I threw a few and stood off. A young man who began training at the same time as me before xmas asked “What goes through your head as you throw that move” so I explained that if anything goes through my head it is to not let thinking interfere to just rely on the body and be aggressive and determined. If I contemplate it, I will surely screw it up, because rationale interferes. I told him not to be in a hurry to achieve it, it would come and to  work on his strength and how mighty he was doing. And he is really doing mighty this fella, since it is hard to enter a place and watch people doing much more advanced moves than you’re able to and to take the time to learn the basics properly.

Over empowered by compliments and inquiry and I returned to the trampoline threw one good one, collected a compliment and an instruction and then the next one I threw, screwed it up mightily and have spent the past 72 hrs apologizing to every torn muscle in my back. Clearly it pays to take a break!

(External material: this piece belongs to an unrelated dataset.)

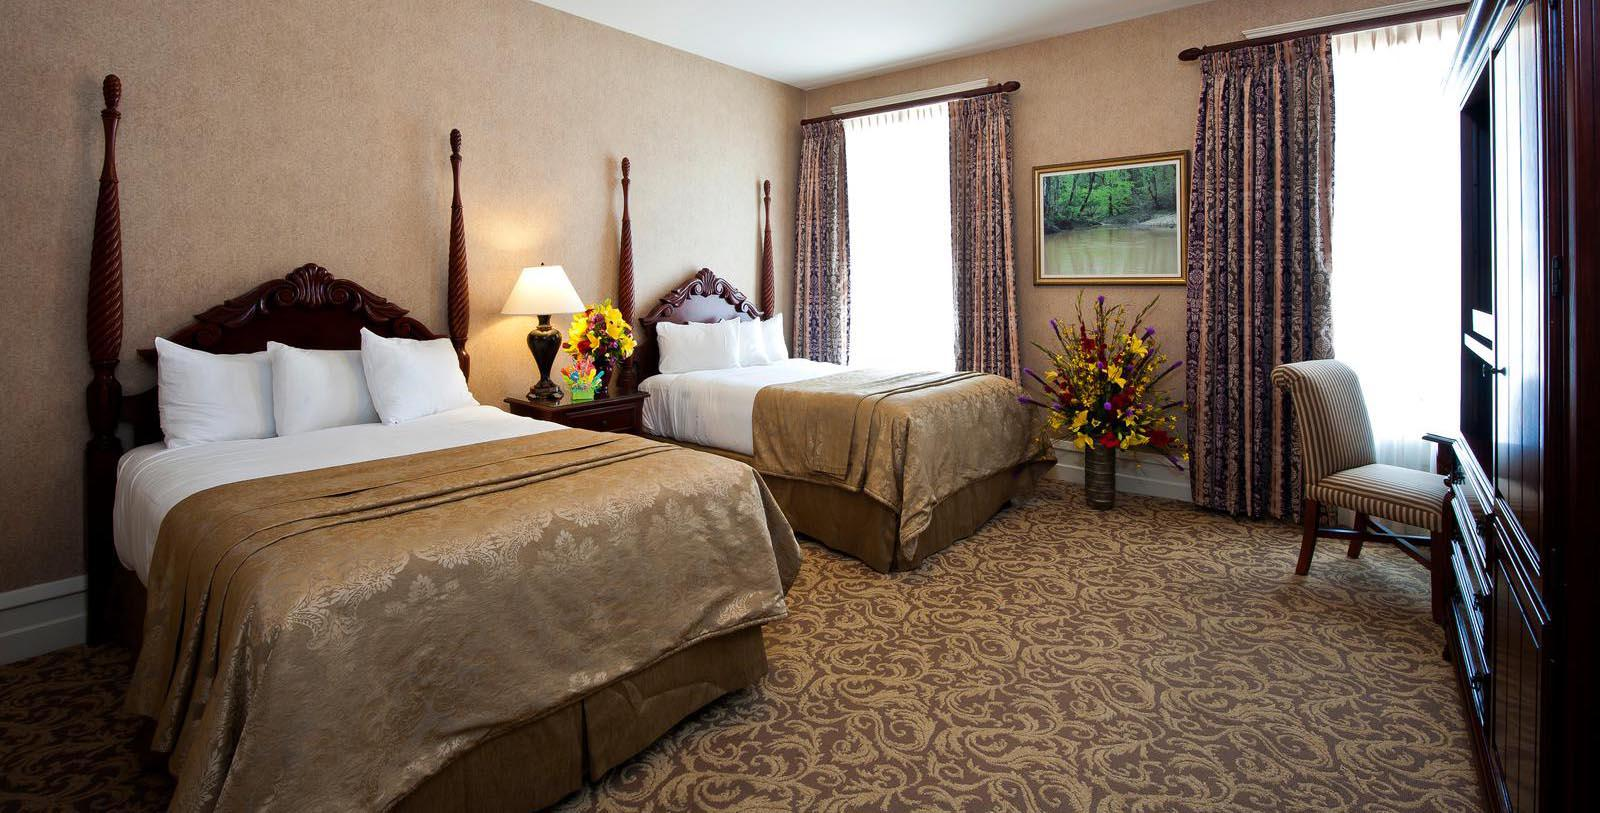 Image of guestroom West Baden Springs Hotel, 1902, Member of Historic Hotels of America, in West Baden Springs, Indiana, Location Map

Today in sharply different circumstances (a funeral forum) I saw a man refuse to give up his moment. He would not hand back the microphone and he dug in there and delivered what he’d come to say (he was v frustrated by the system and the govt and regulations around burial it sounded like).  God bless him, I admired him. Earlier we’d been chatting about the acoustics in the room, which were difficult and he was having a hard time hearing. He had told me lightly …. “When you get older, you don’t give up, you give it to them.” He read what he’d determined he wanted to say aloud from the back of a rectangular aquatic blue diary (day planner). It was great. He was great. And since he was on his two feet rather than a sprung unpredictable piece of fabric trying to twist upside down, well the outcome was more of a ruction than a rupture.

Supine, divine 39

Well there was much to be said for 39 and the, for the most part, supine birthday. The salmon dinner cooked by my beloved was divine. The dodge of the hockey play offs by me (not he) was equally divine. I took a brief foray into Mark’s Work World to ogle the talking tire gauge and discovered it is no more to be ogled. I did notice a peculiar line of clothing called figure enhancing which appeared to offer false padding to women who would have no use of such padding based on the regulars who enter the place. Frankly who in their right mind would be going to Mark’s Work World to get their bust fashionably enhanced. You tend to go their to buy steel toe boots, or illuminous traffic vests or scrubs or thermals or/and or/and not to come out looking plus busty!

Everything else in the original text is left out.